For the sake of readability, the author has documented the following
events in definite terms (generally omitting such words as "probably" and
"likely"). In some cases, especially when describing the details of
interaction between principal participants, the details properly belong
to the realm of probability. Such cases are infrequent and self-evident.

It was March 3, 1833, and a wedding was in progress near Louisville
in Stark County, Ohio.1
George Hoke, a German Baptist minister from nearby Columbiana County, was
solemnizing the marriage of Henry Brown and Catherine Keller. The bride,
who had reached the tender age of 20 years, had crossed the Atlantic from
Holland in a sailing ship at age 16 (or age 6, according to another source
2)
and still spoke English with difficulty.3
George Hoke, a family friend, pitied the young girl and agreed to perform
the service in German or Dutch. (Her nationality is not certain; the census
records contain contradictory information about her origin and native tongue.)
4
Marriage services were not new for George Hoke. The prior year he had tied
the knot for Henry's younger sister Elizabeth; the year following he would
perform the wedding for Henry's younger brother John (who married a girl
named Lucinda Briggs).5
For now, however, Henry Brown was in the spotlight.
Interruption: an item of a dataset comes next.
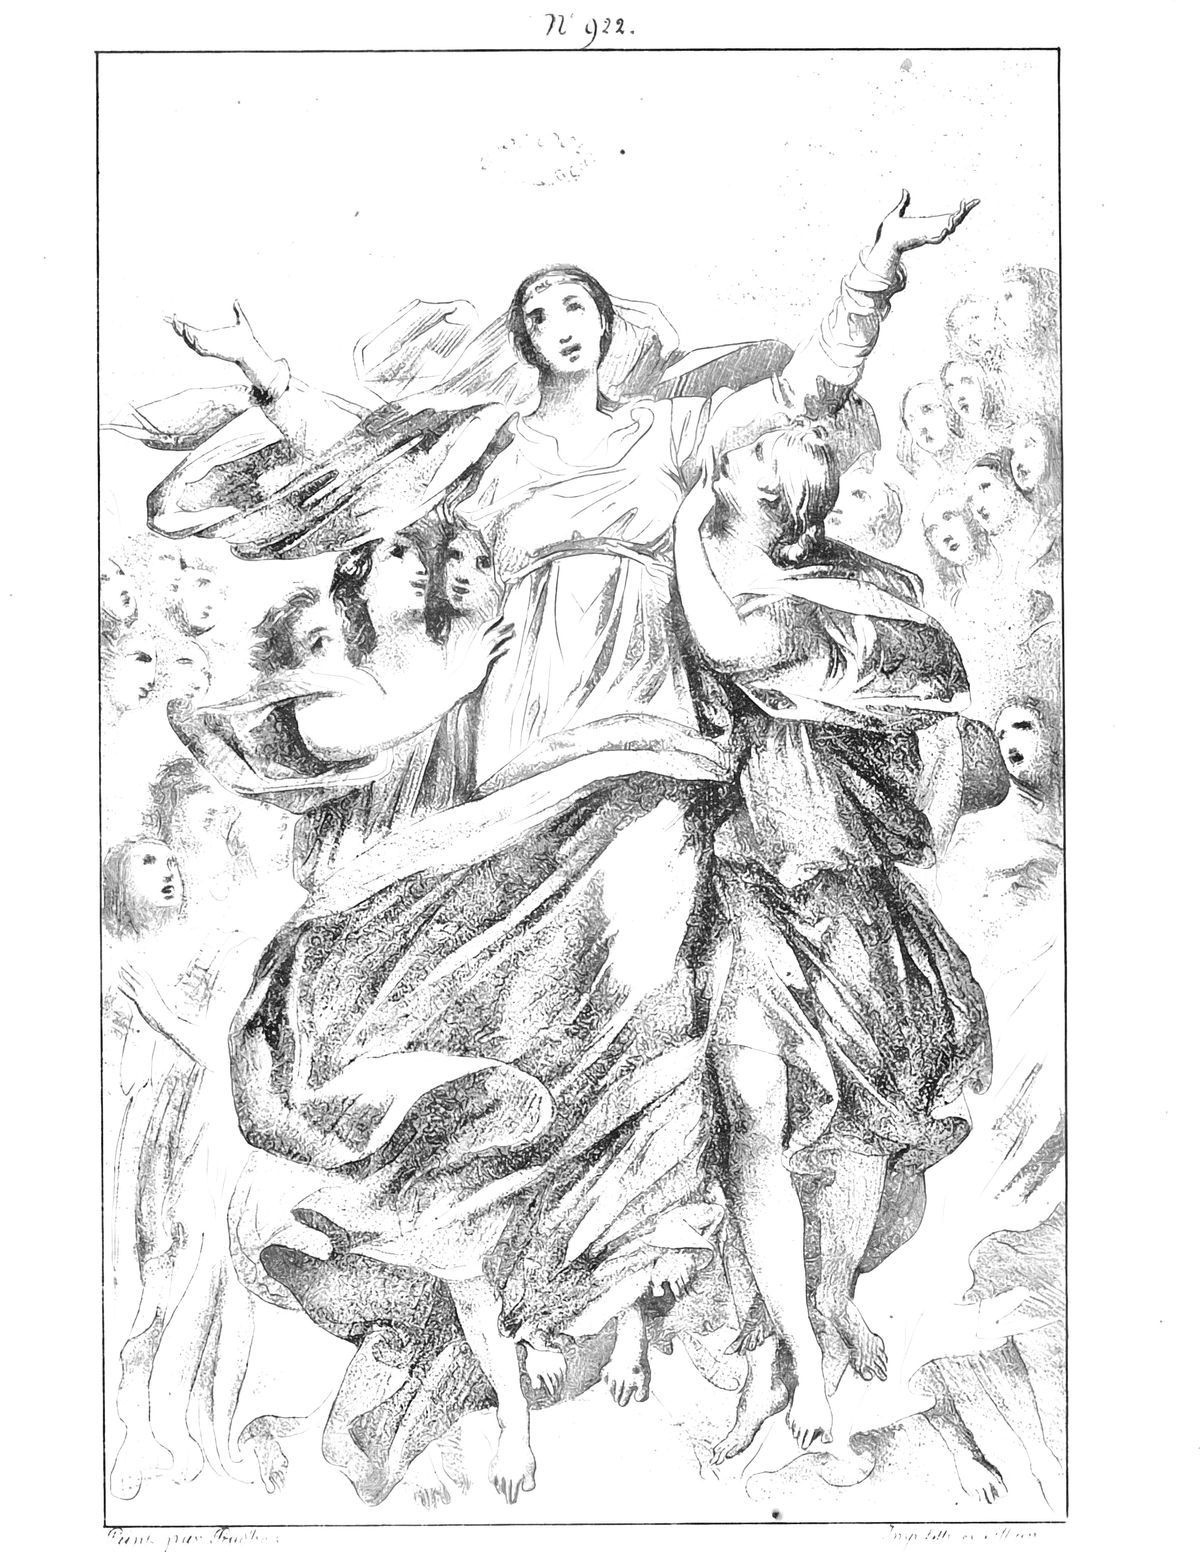 Assumption of Mary (1818-1852) by François Jean Villain - Catholic Coloring Page

Soon, Henry pondered, his ears would be assailed again with the sounds
of children. From earliest childhood, Henry Brown remembered the gurgles
and screams of babies. Born in Ohio in December 1810, the third child and
second son of Daniel and Elizabeth (Houser) Brown, Henry grew up watching
his parents dandle babies, comfort babies, feed and cleanse and discipline
babies. He even looked on with grief as they buried babies. As one family
historian noted, nine of Henry's siblings "died young". By 1833, when Henry
Brown left home, his mother had birthed 21 children.6
Looking back as an adult, Henry observed that his mother was "with child"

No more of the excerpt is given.